# THE TASK
Only the lines from the one containing "34 Best DIY" through the last line of the data below belong in your answer, copied exactly and without pictures.

# DATA SECTION
==============================

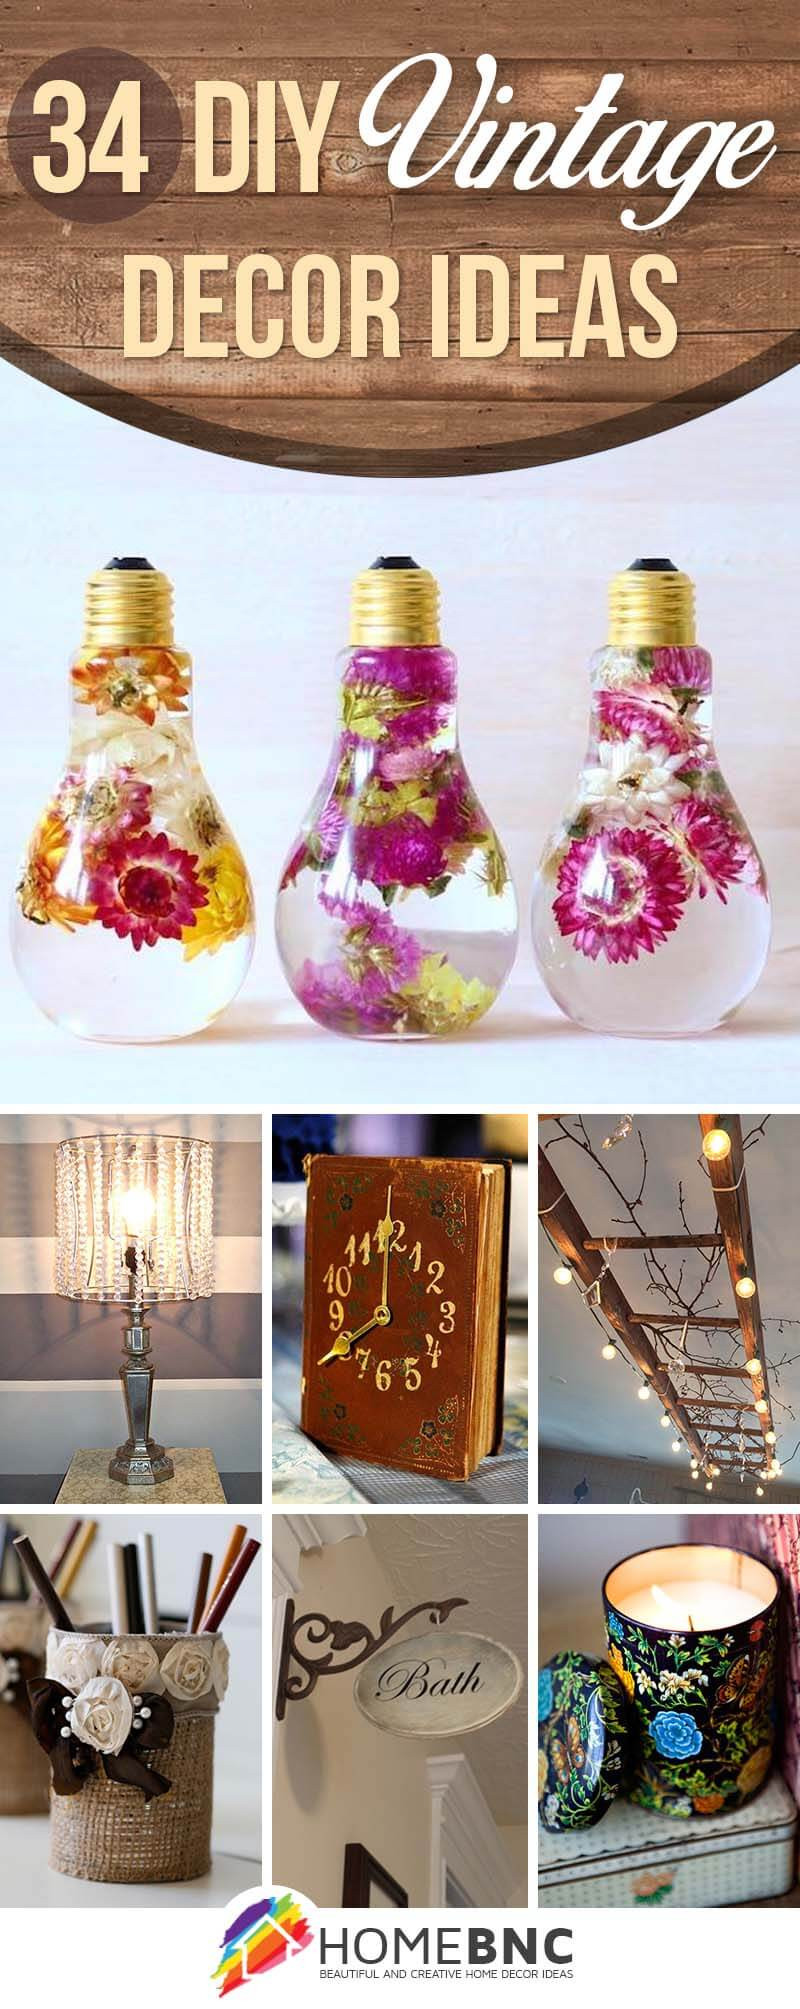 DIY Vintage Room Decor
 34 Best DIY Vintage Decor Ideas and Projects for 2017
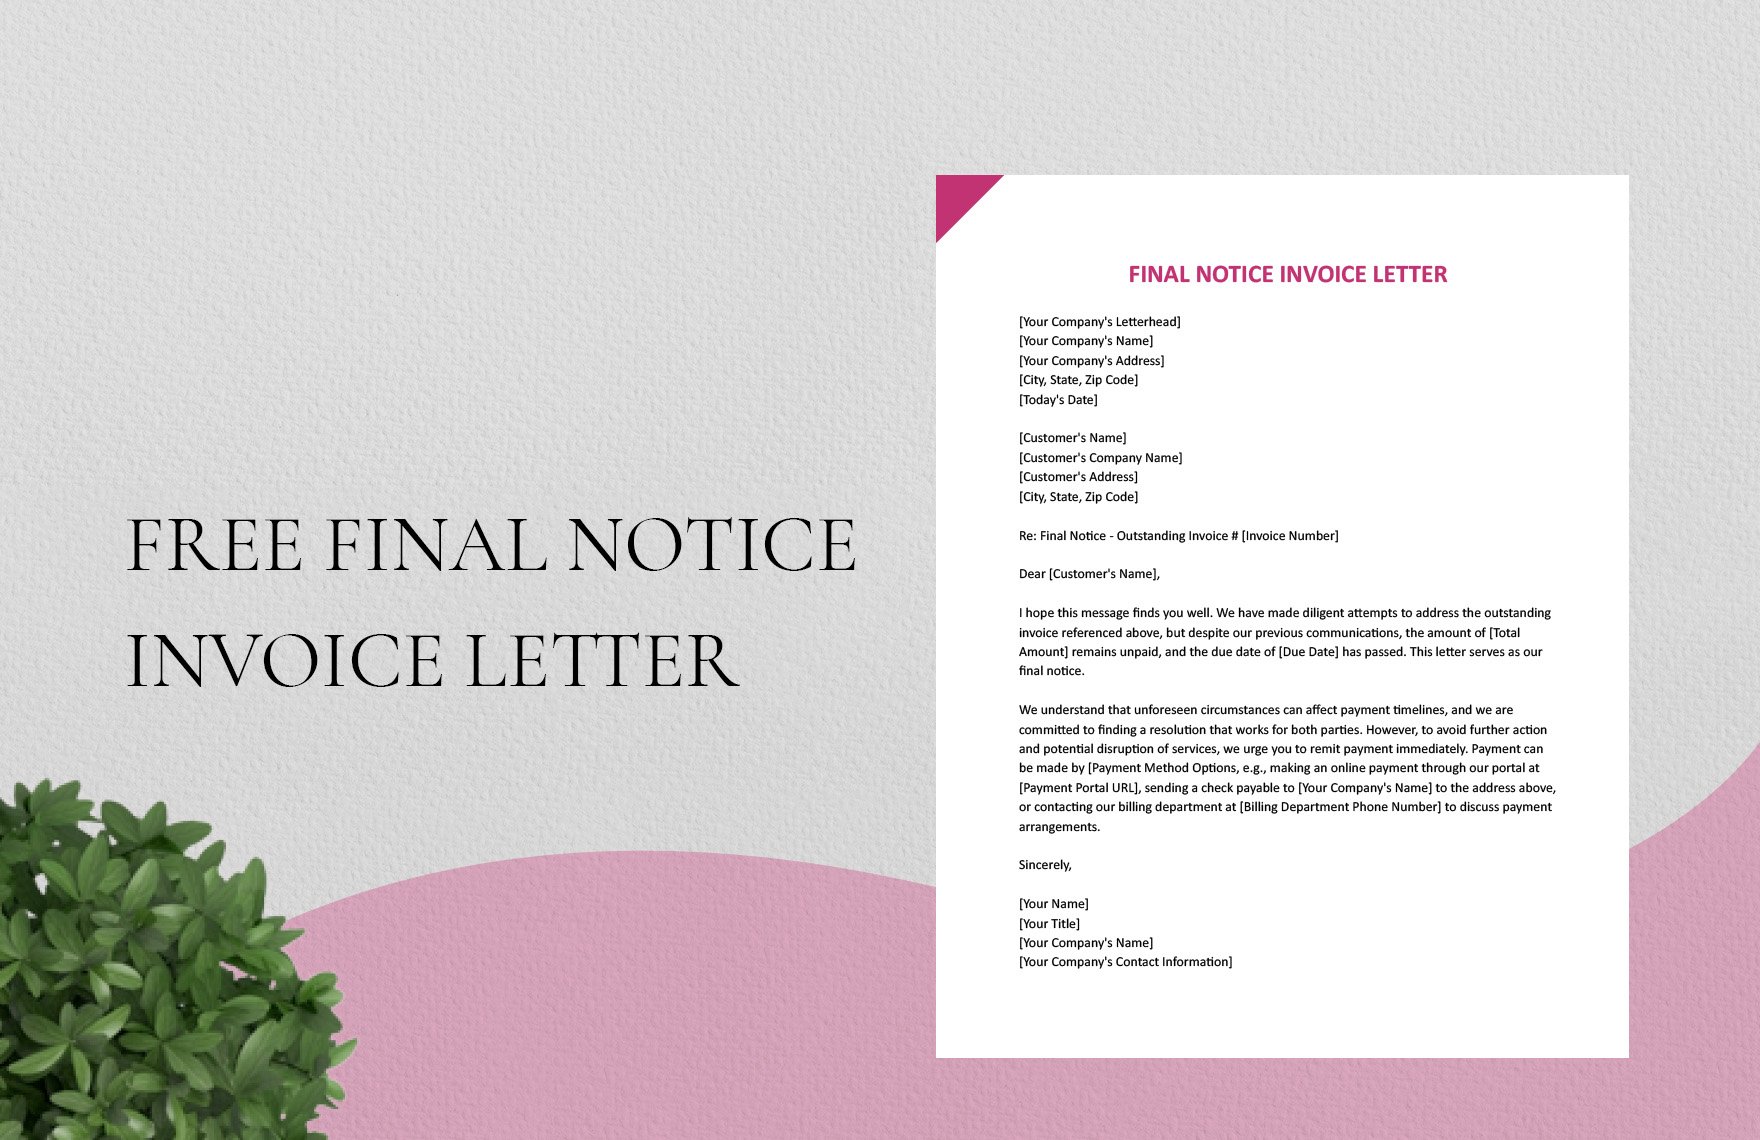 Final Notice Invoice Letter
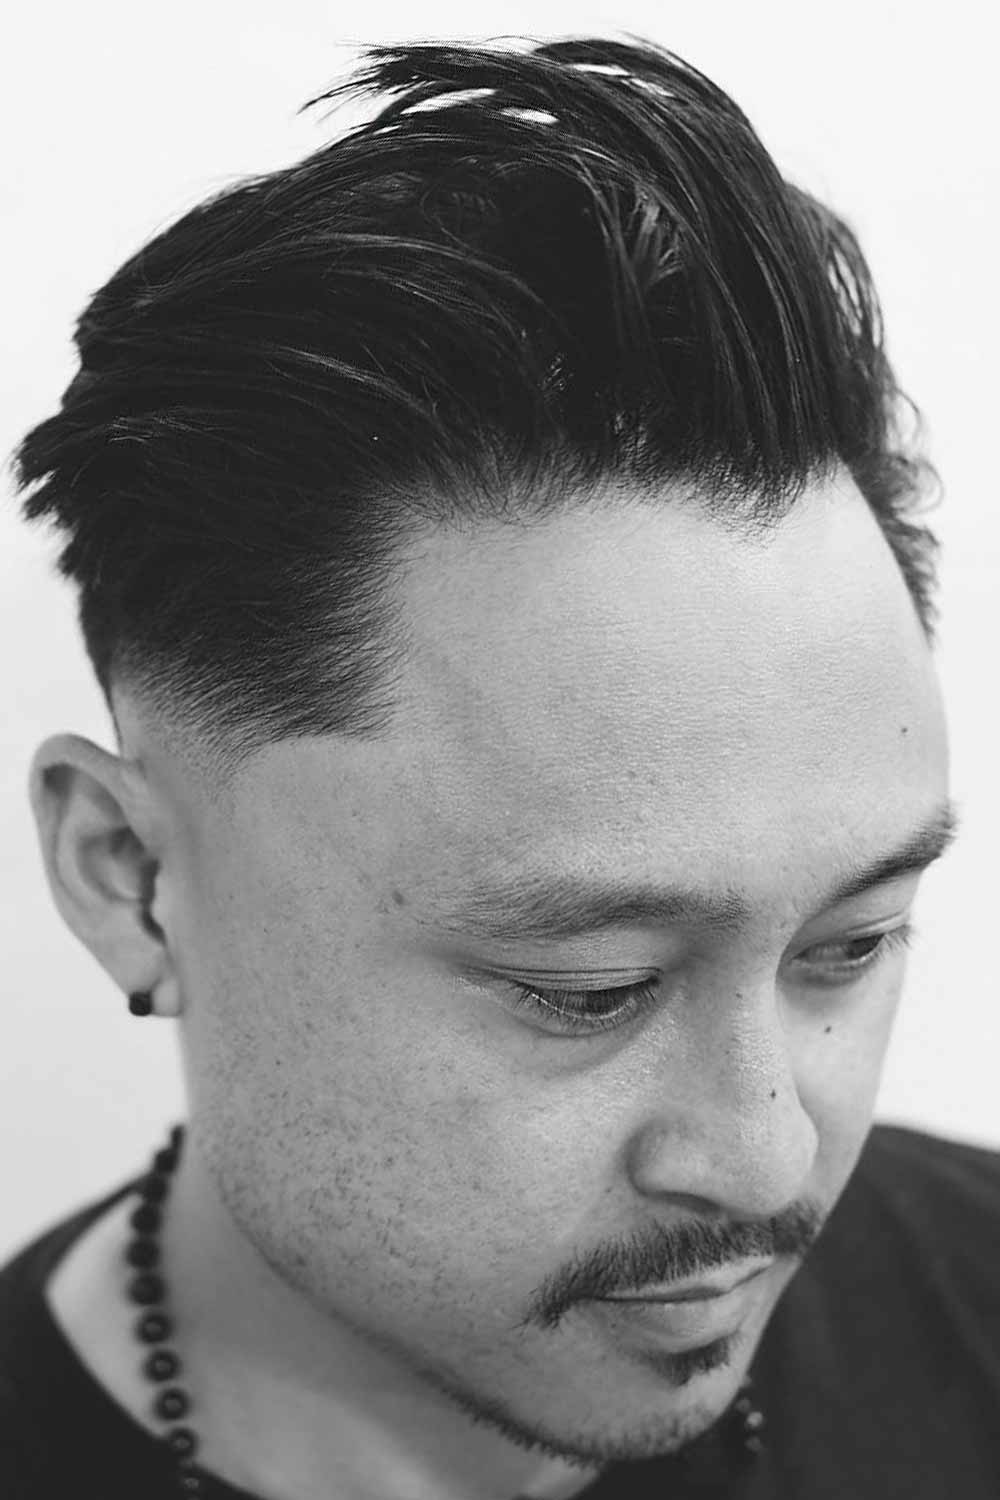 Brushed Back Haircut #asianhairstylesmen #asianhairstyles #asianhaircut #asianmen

==============================

# REPLY
 34 Best DIY Vintage Decor Ideas and Projects for 2017
 Final Notice Invoice Letter
 Brushed Back Haircut #asianhairstylesmen #asianhairstyles #asianhaircut #asianmen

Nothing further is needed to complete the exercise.